Work request:
Restate word for word all of the lines below, with each image left out.

Provided material:
==================================================

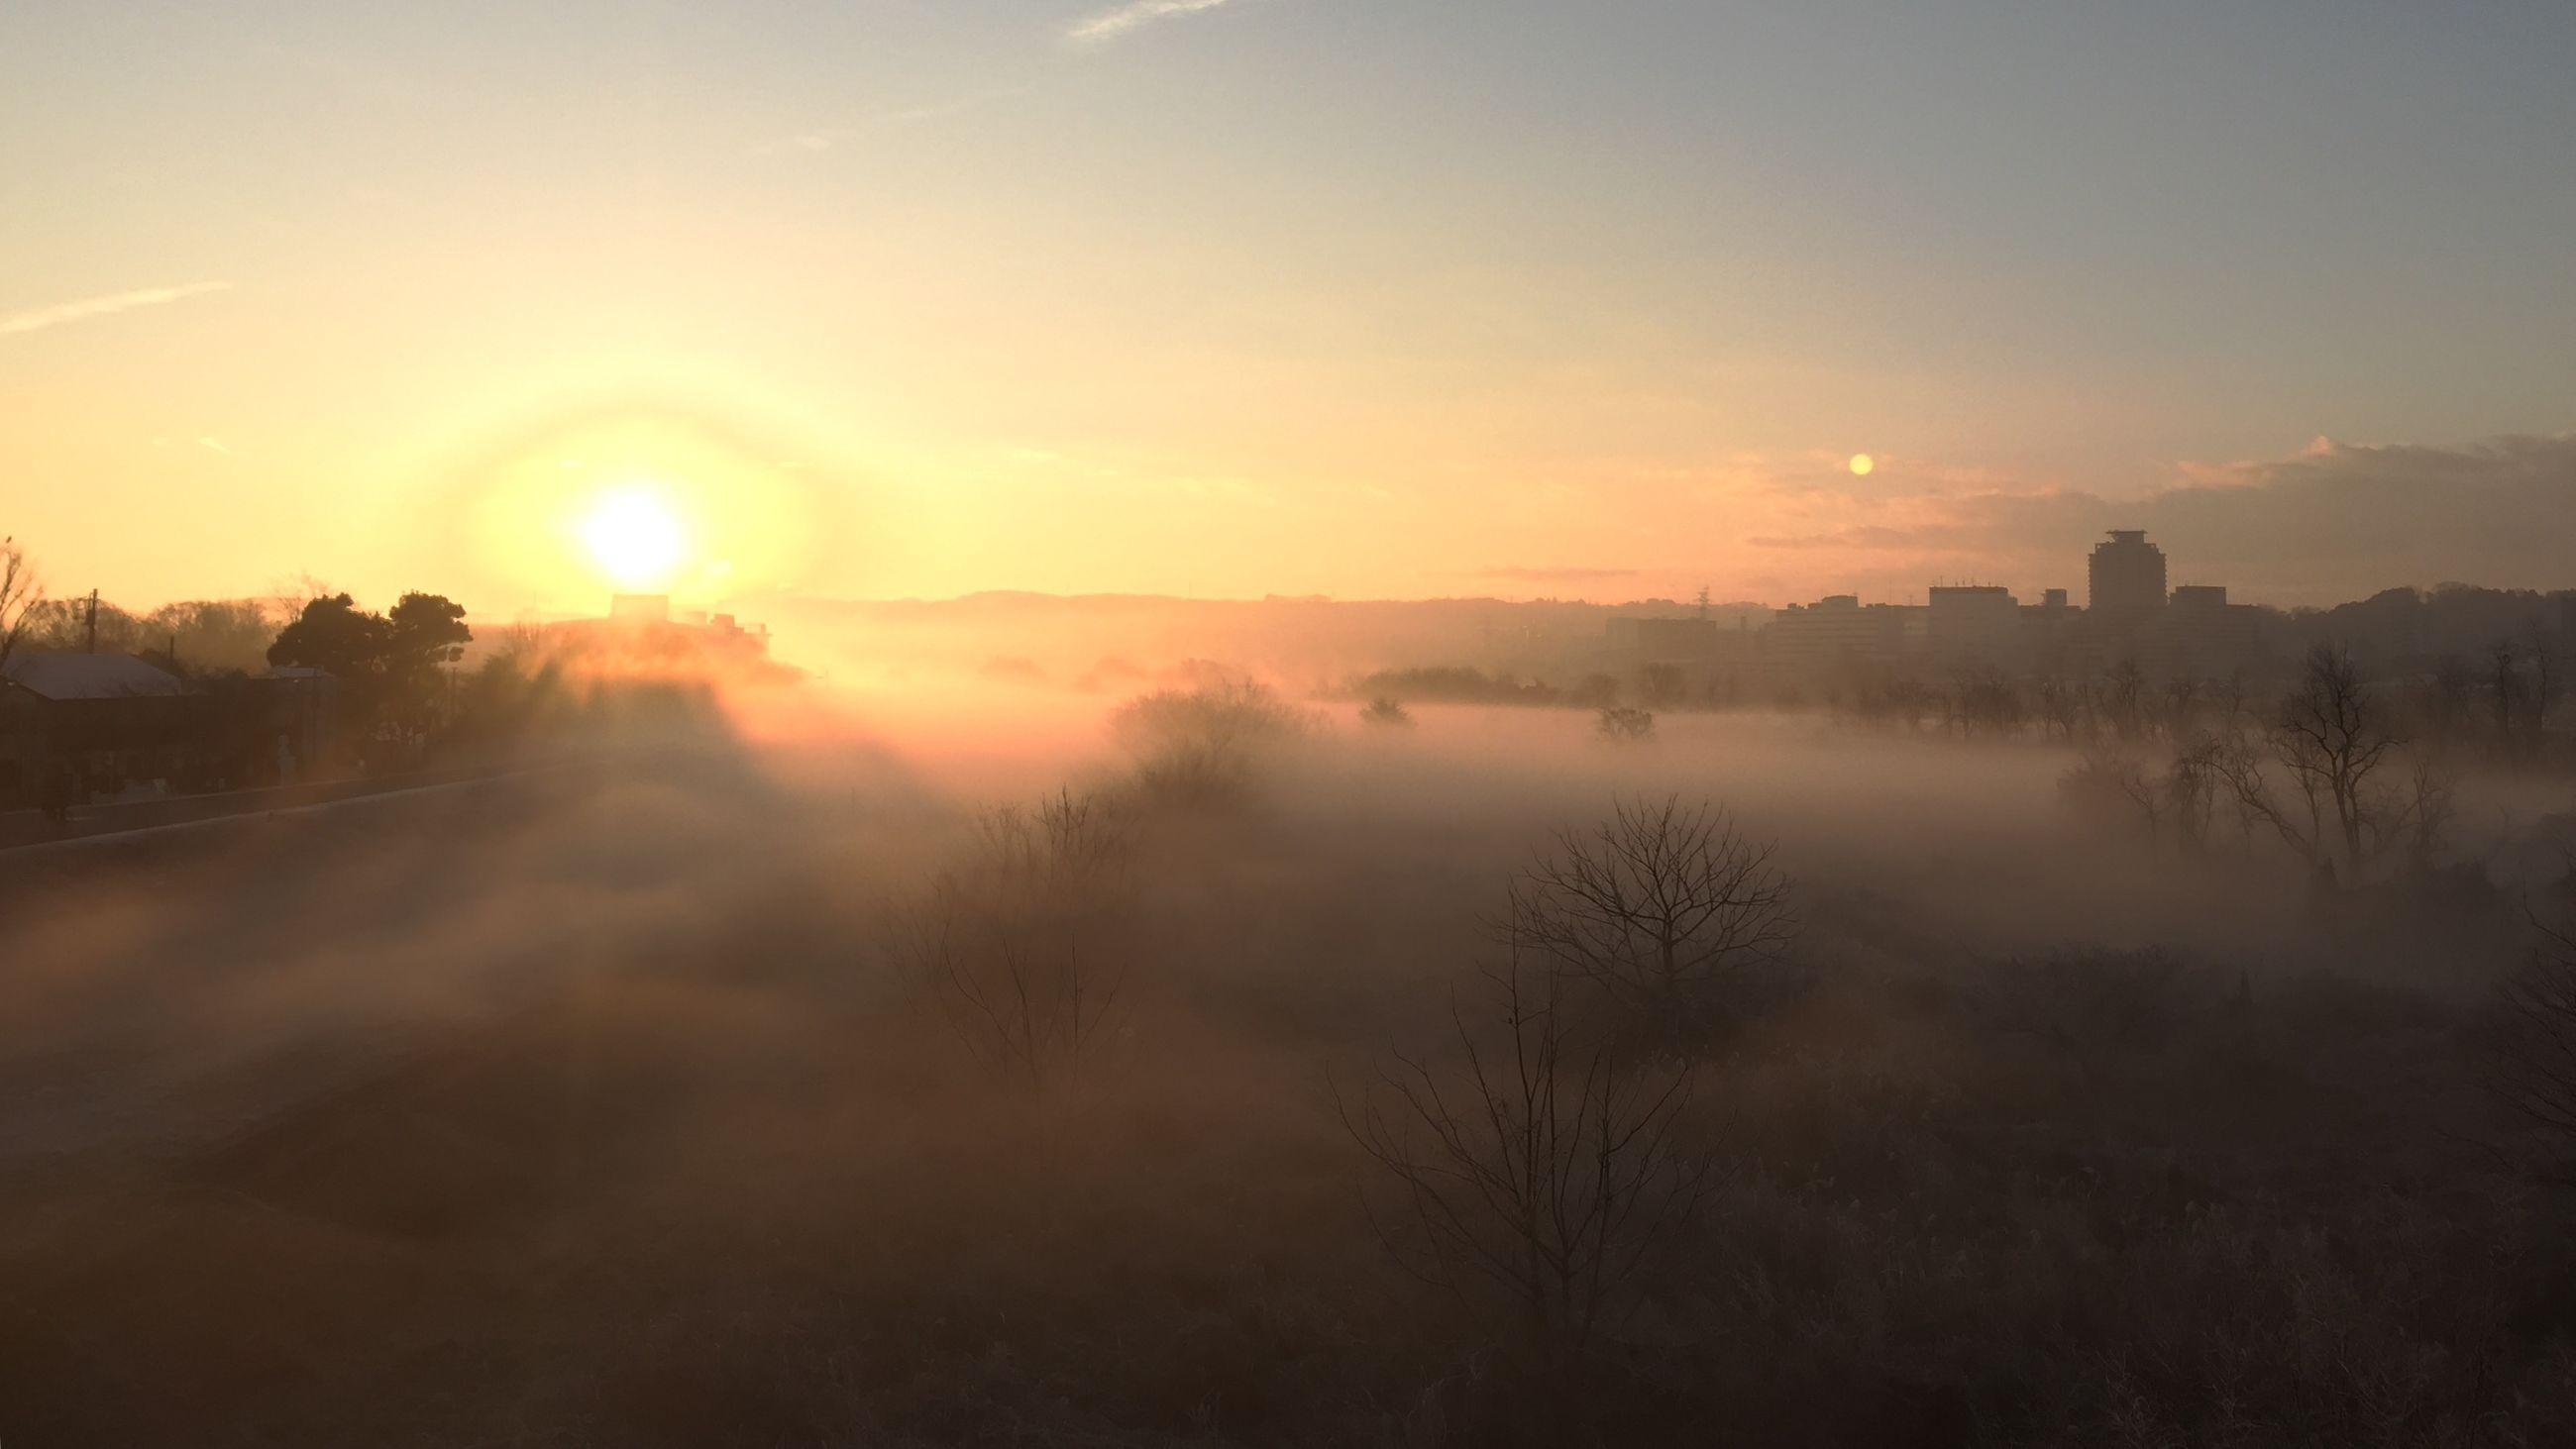 tranquil scene, sunset, scenics, tranquility, beauty in nature, landscape, fog, sun, sky, nature, lake, idyllic, foggy, reflection, tree, mountain, water, non-urban scene, sunbeam, sunlight
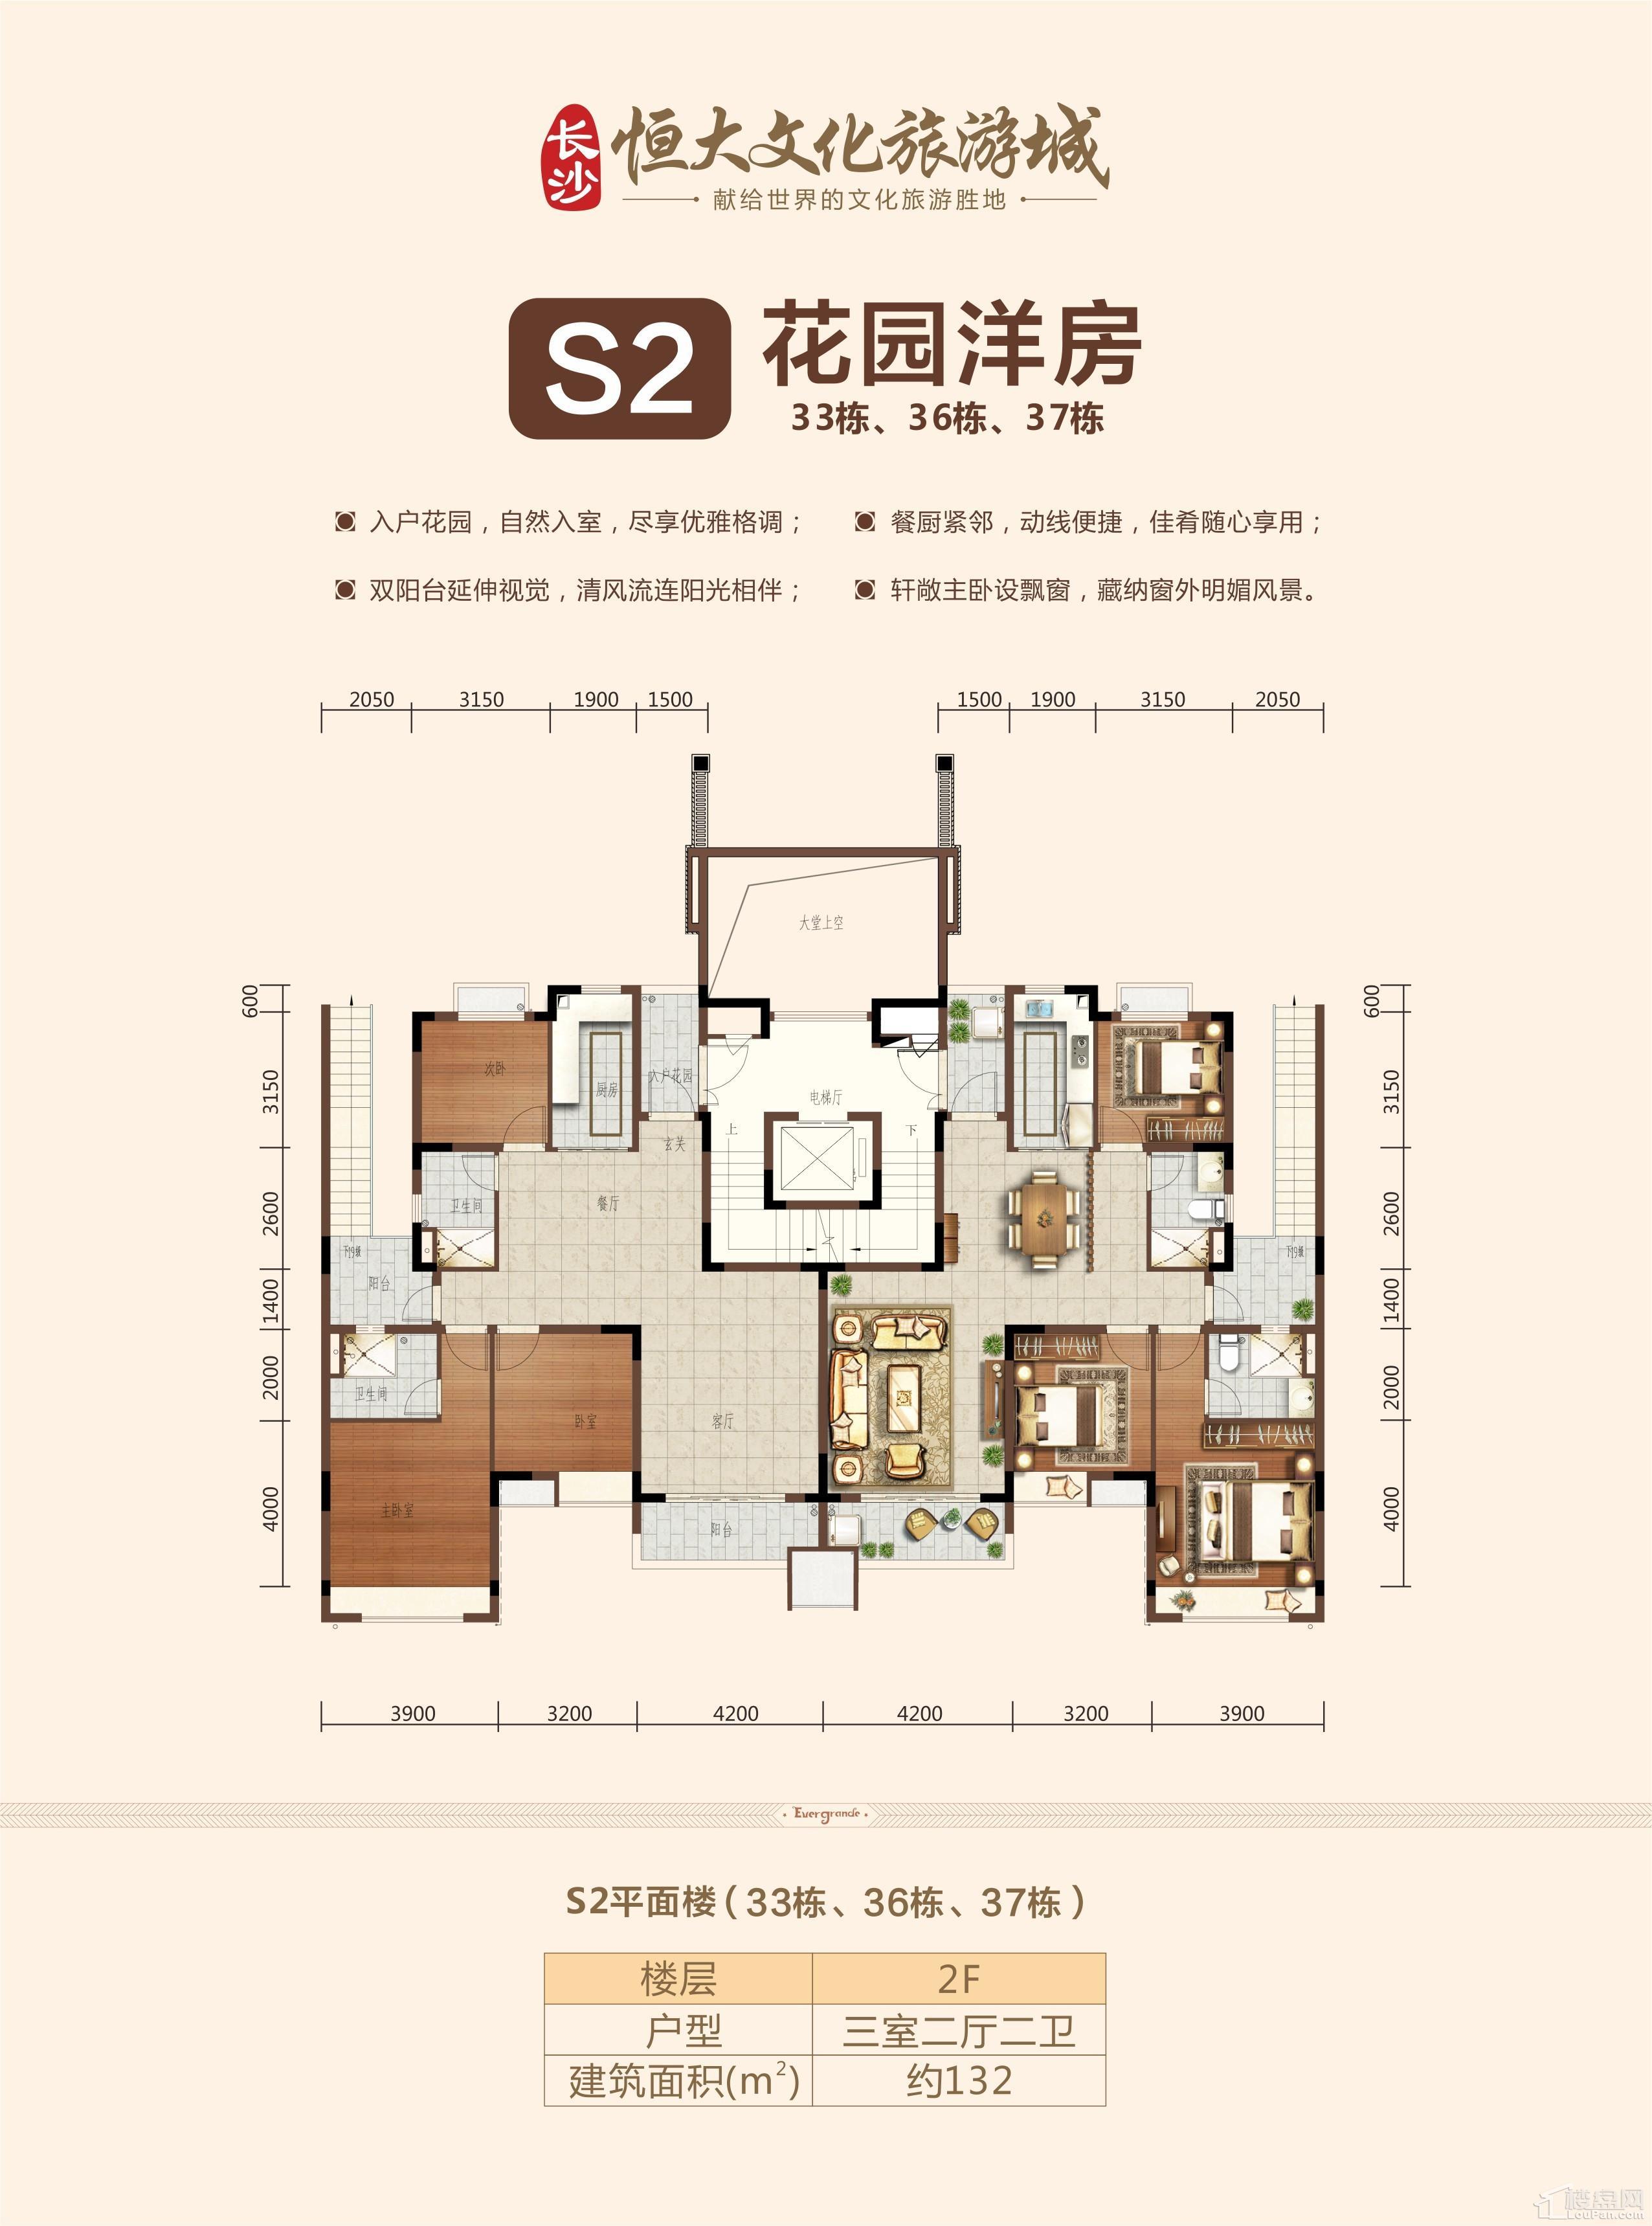 S2花园洋房二层
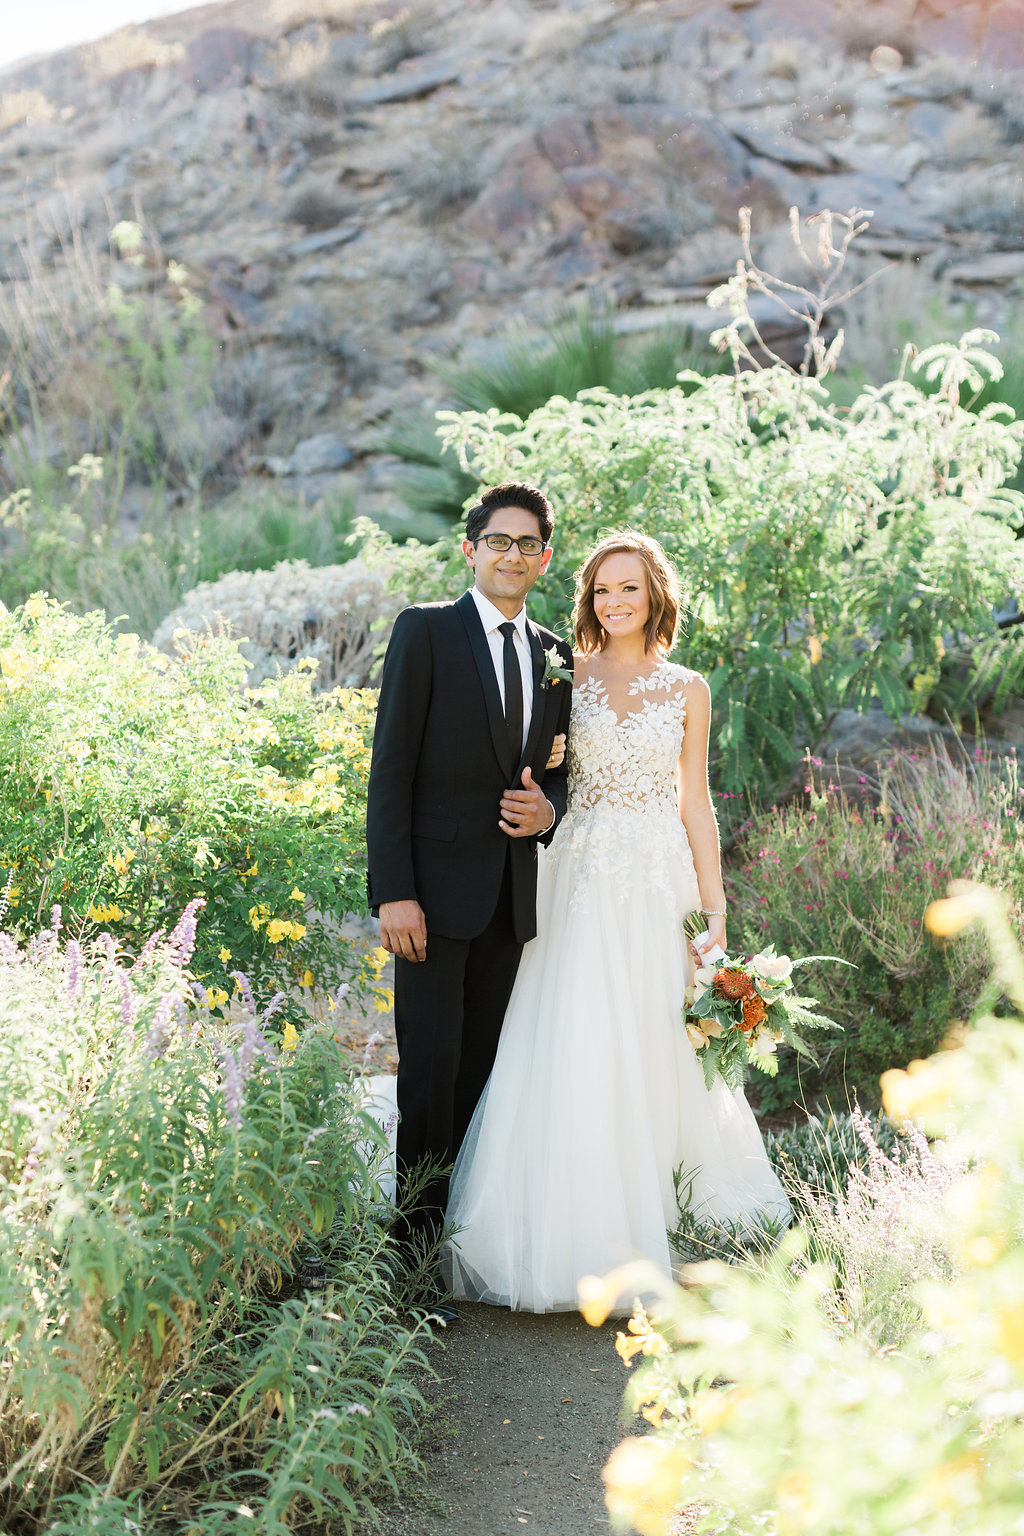 emily adhir wedding couple arm in arm

==================================================

Solution to this problem:
 tranquil scene, sunset, scenics, tranquility, beauty in nature, landscape, fog, sun, sky, nature, lake, idyllic, foggy, reflection, tree, mountain, water, non-urban scene, sunbeam, sunlight
 S2花园洋房二层
 emily adhir wedding couple arm in arm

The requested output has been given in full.